(Эфир от 7 февраля 1989 г. — 19.05–20.00)

Как-то раз, беседуя с Владимиром Георгиевичем, я задала ему вопрос, который меня давно тревожил: сам-то он видел когда-нибудь НЛО или пришельцев? Своими глазами?

— Уфолог в научных исследованиях должен опираться на опыт всего человечества. И ему совершенно необязательно это видеть, — неожиданно сухо ответил Владимир Георгиевич.

И вдруг добавил — так сердечно:

— Но я видел. Я был в гостях. Возвращаюсь домой. А у меня застекленная дверь на кухню. Вижу — сквозь стекло — существо невысокое, чуть больше метра. У меня, как говорят морские офицеры, «подводное» спокойствие, ни страха, ни удивления, а только вдруг почему-то, хотя в этом совестно признаться, — взыграло оскорбленное самолюбие. Я — ответственный квартиросъемщик, а в кухне какая-то нечисть.

— Я выпятил грудь, — рассказывает Владимир Георгиевич, — и пошел на него в наступление. Он попятился. Я оттеснил его к окну. Он отступил, но не был испуган. Спокойно смотрел на меня, даже немного насмешливо. И я на всю жизнь запомнил этот взгляд. Потом он исчез. Я кусал локти и рвал на себе волосы, я был не я, но факт остается фактом.

Мы долго молчали, потрясенные непредсказуемостью наших реакций.

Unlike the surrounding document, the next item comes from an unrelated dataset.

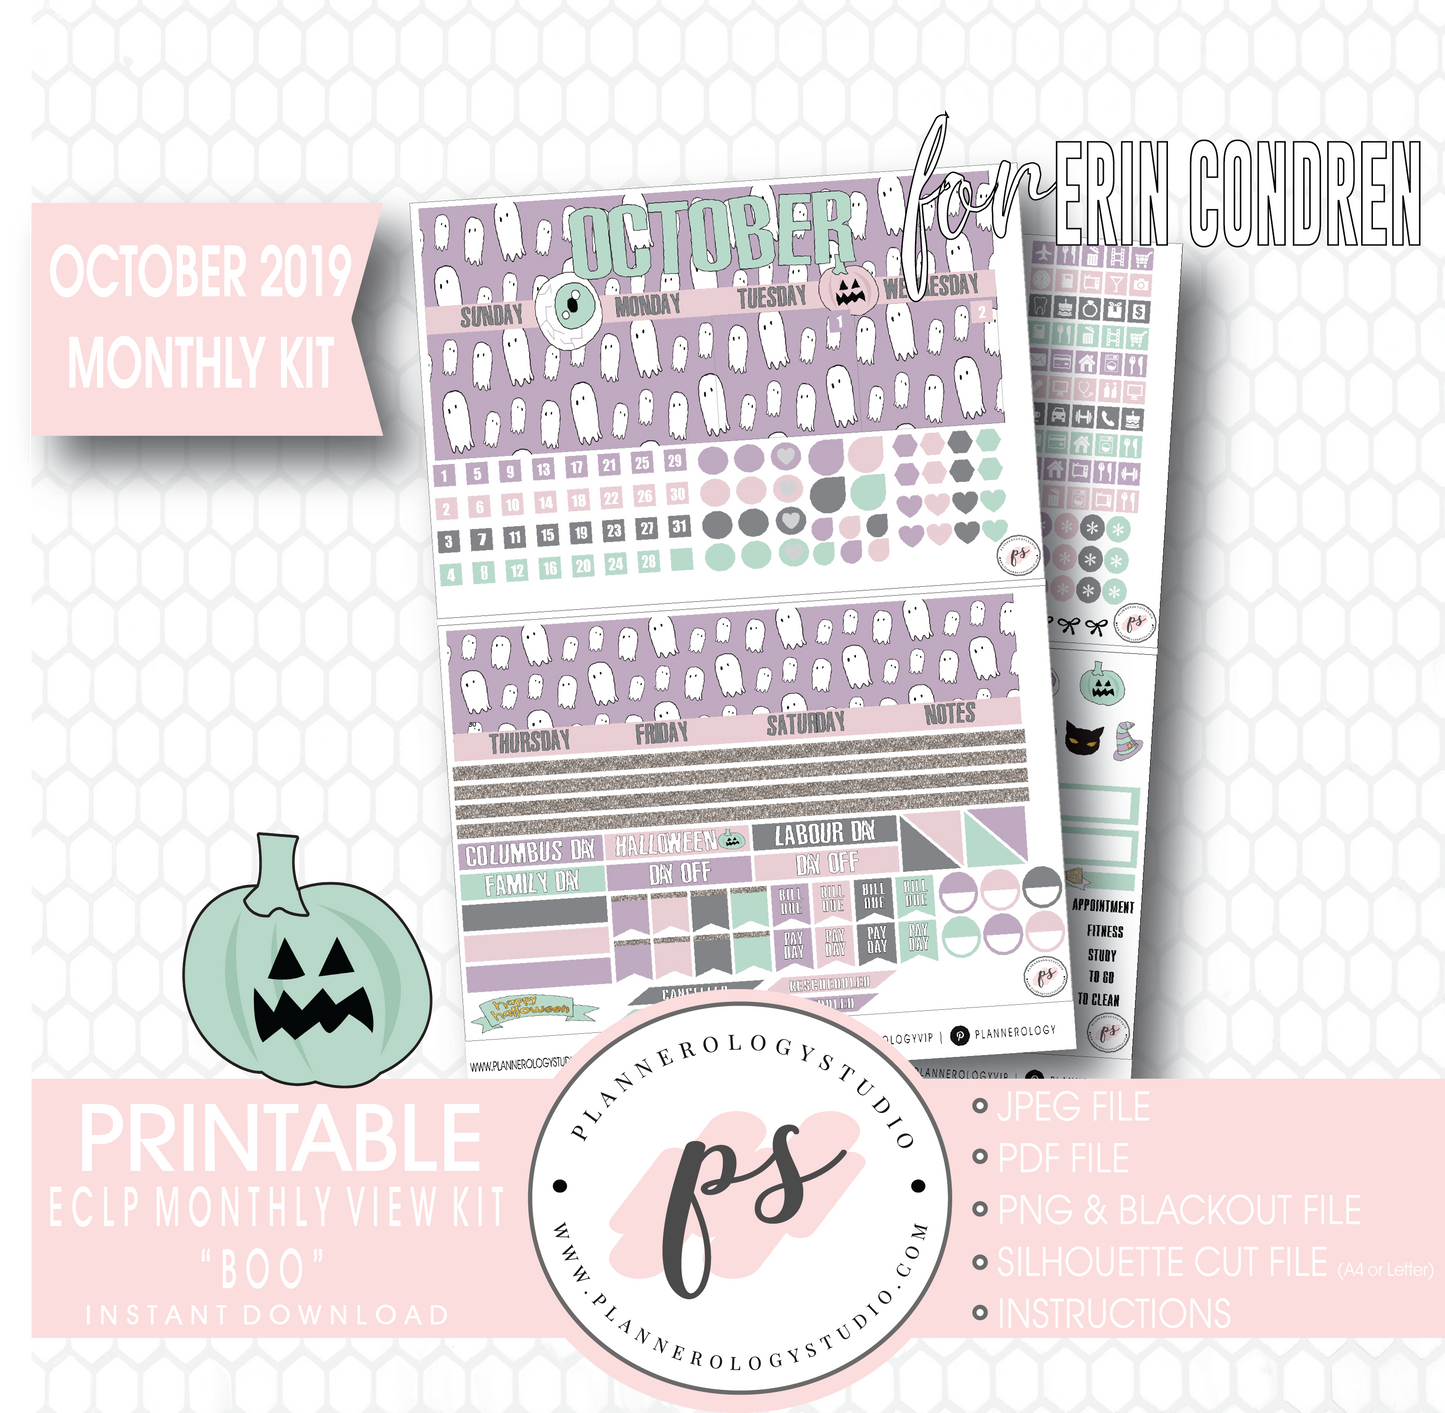 Boo October 2019 Halloween Monthly View Kit Printable Planner Stickers (for use with Erin Condren) - Plannerologystudio

Я восприняла эту историю, как суфийскую притчу, имеющую не семь, а семьдесят семь смыслов.

Я мучительно думала, как бы я поступила, и не находила ответа. Уж если Владимир Георгиевич Ажажа прогнал с кухни пришельца! — что говорить о нас, не очень-то готовых к подобной встрече. Что во мне взыграет — Вездесущая, Всюдуприсутствующая Душа или ответственный квартиросъемщик?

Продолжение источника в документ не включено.